# 20 from city plan to attend officer's funeral



## kwflatbed (Dec 29, 2004)

_By AARON NICODEMUS, Standard-Times staff writer _

NEW BEDFORD - A contingent of 20 police officers and public officials from New Bedford will head to Arkansas today, to attend the wake and funeral of the Arkansas police officer killed by Jacob D. Robida. 
Mayor Scott W. Lang, Police Chief David A. Provencher, Bristol County District Attorney Paul F. Walsh Jr. and Sen. Mark C.W. Montigny, D-New Bedford, will attend funeral services for Gassville Reserve Police Officer James W. Sell, who was gunned down in a Norfork, Ark., motel parking lot by Mr. Robida, 18, of New Bedford. 
Mr. Robida was on the run following the attack late last Wednesday at Puzzles Lounge when he was pulled over by Officer Sell for a motor vehicle violation Saturday afternoon. Mr. Robida allegedly shot Officer Sell to death in the motel parking lot, then led police on a 20-mile chase before Mr.
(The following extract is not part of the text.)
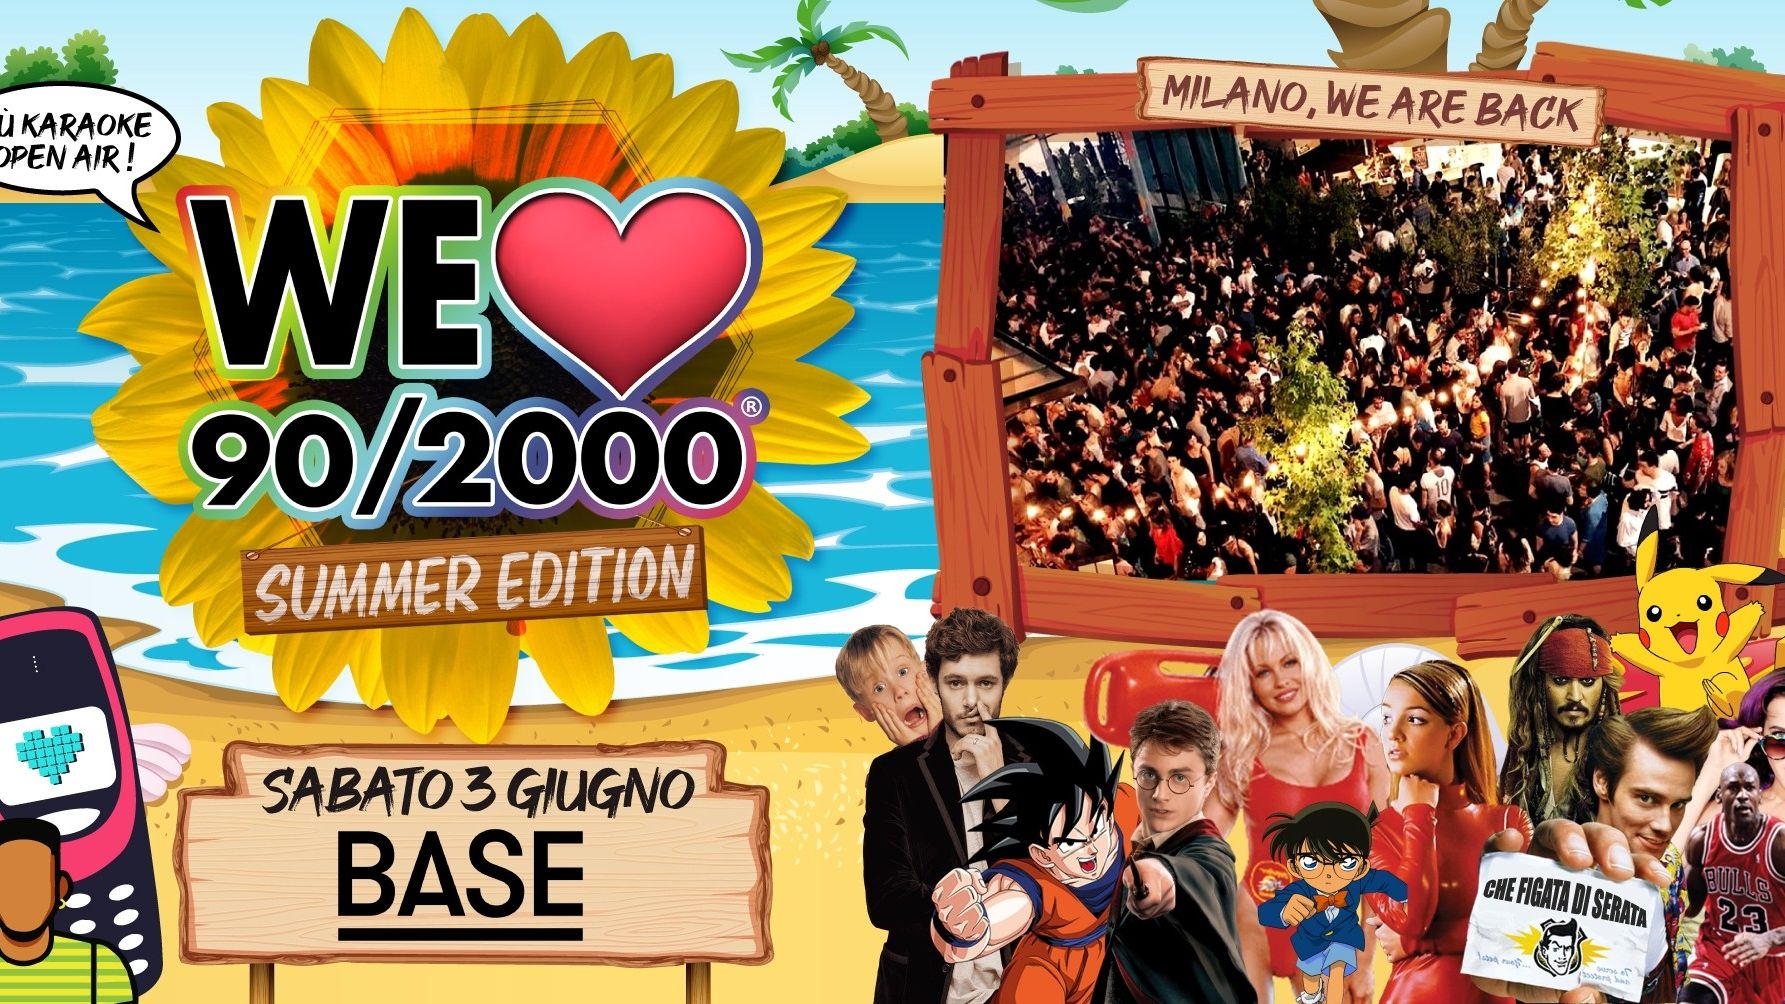 We Love 90/2000® Party + Karaoke open Air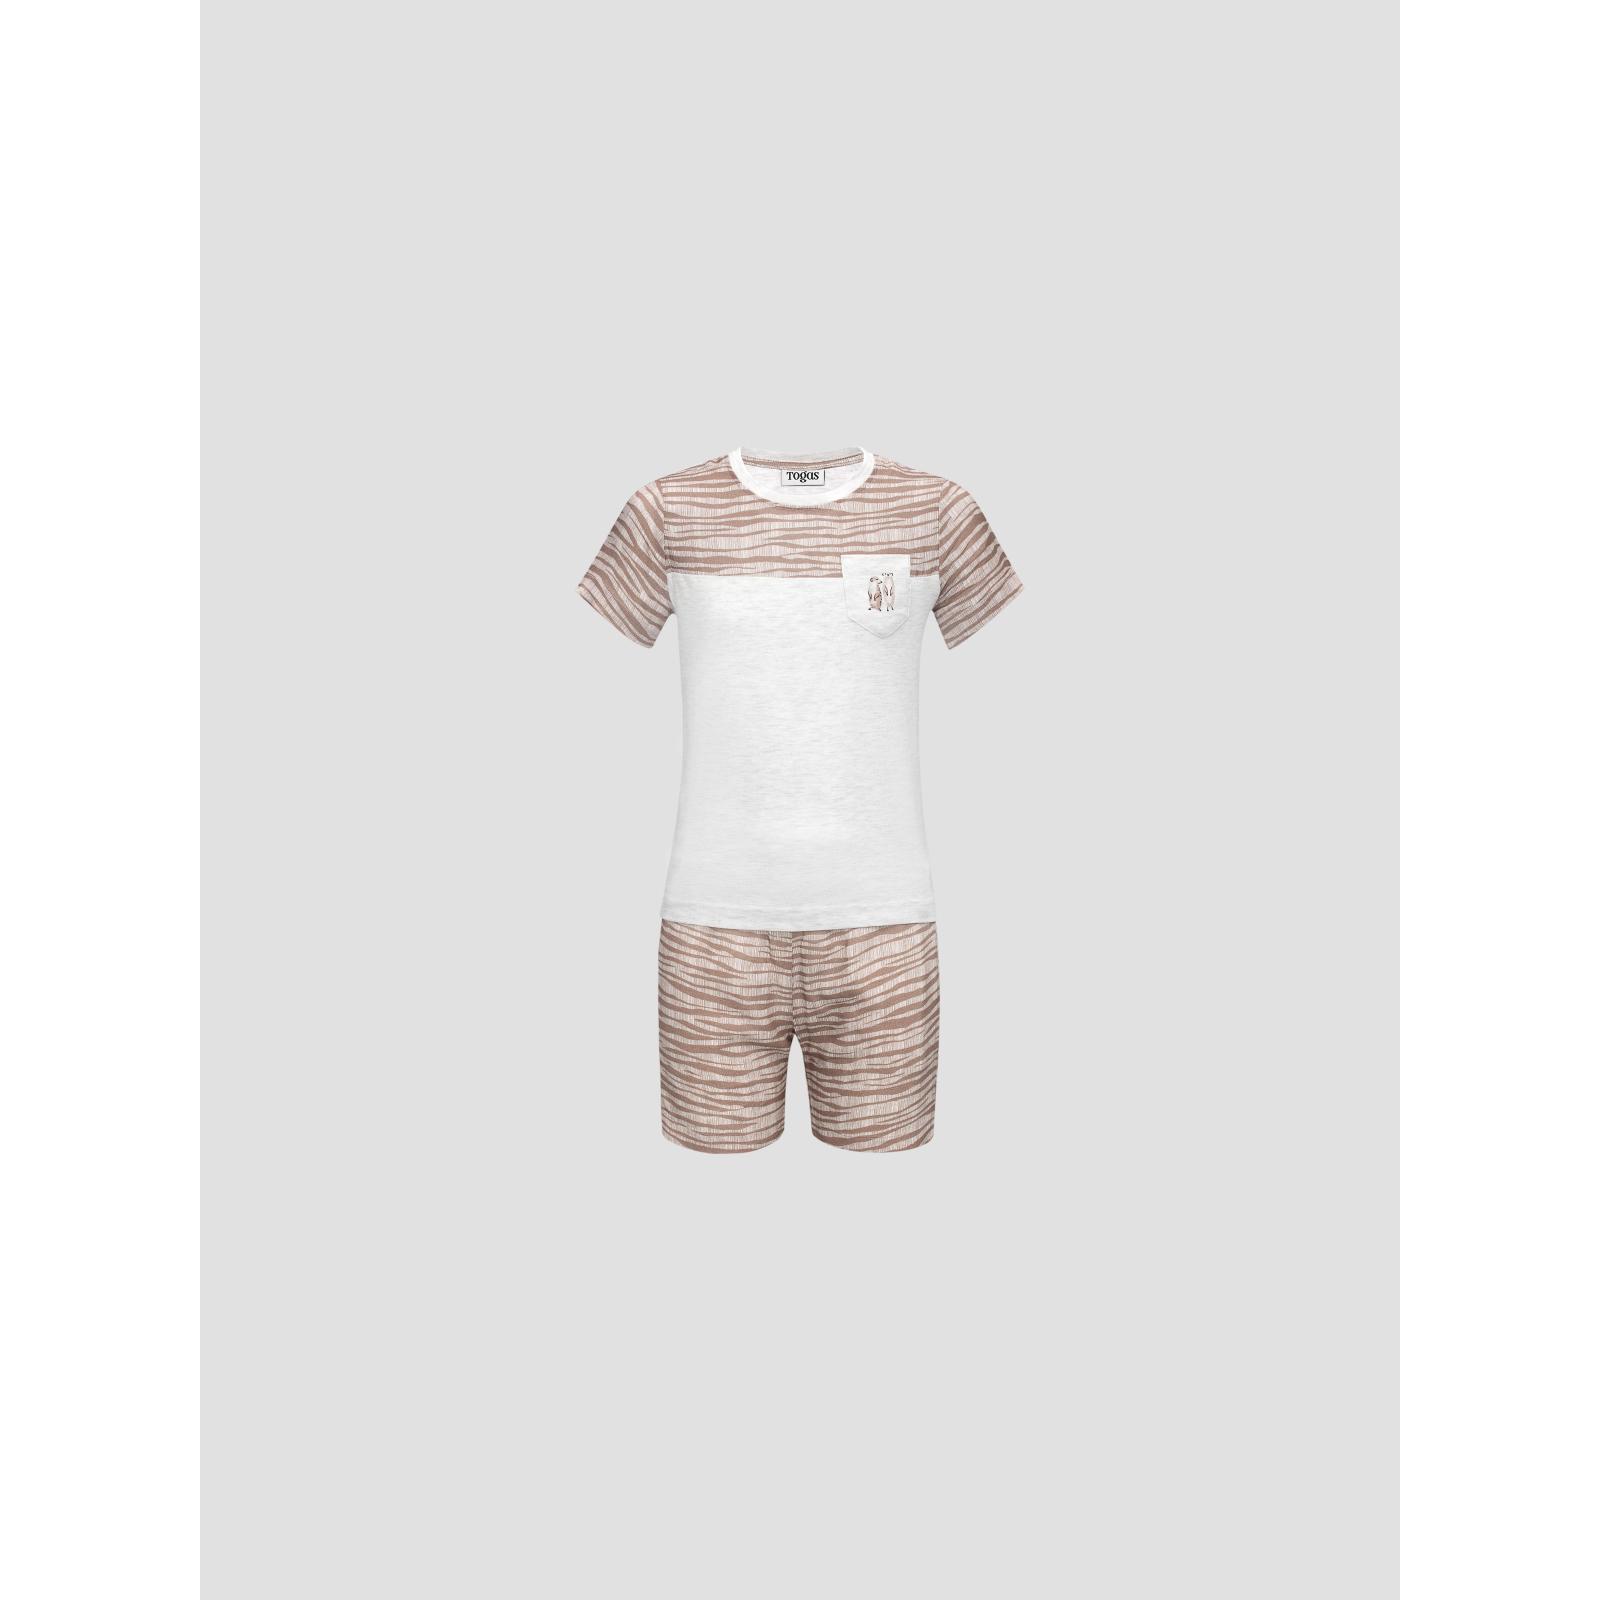 Пижама для мальчиков Kids by togas Сафари бежевый 104-110 см пижама сорочка шорты

Robida shot his female companion and then himself. 
"We share the loss of our brother officer in Arkansas, and we honor the sacrifice of Officer Sell," said New Bedford Police Chief Provencher. 
"We have a profound sense of personal loss in our department. We feel as if we lost one of our own. It's had an effect on all of us." 
The contingent will join Paul Dockery, a Massachusetts state police detective assigned to DA Walsh's office, and New Bedford Police Detective Richard Netinho. Both officers are already in Arkansas, investigating the case. 
The wake will be held Thursday afternoon and evening at the Roller Funeral Home in Gassville, followed by a funeral beginning at 1 p.m. in the East Side Baptist Church in Mountain Home, Arkansas. 
In addition to Chief Provencher, the New Bedford Police Department will be represented by a six-member honor guard, led by Sgt. Jill Simmons; two officers investigating the case, Lt. Scott Sylvia and Detective Jason Gomes; Sgt. Rita Ribeiro, Capt. Ronald Teachmen, and the president of the police union, Leonard F. Baillargeon. Members of the honor guard include patrolmen Daniel Sweeney, Emanuel Cabral, Russell Marques, Christian Gomes, David Figueiredo and Willie Coates. 
Mayor Lang said he will bring along Nelson Ostiguy, his special assistant and a former Massachusetts state trooper. 
District Attorney Walsh will be accompanied by Bruce Feno, the director of interstate renditions for the DA's office, and two Massachusetts state police officers. 
Contact Aaron Nicodemus at [email protected]


----------



## Buford T (Feb 12, 2005)

Stand up thing to do N.B.P.D., very classy. R.I.P. Officer Sell, you represent the best in L.E.


----------



## Irish Wampanoag (Apr 6, 2003)

Trooper Sell "Godbless"


----------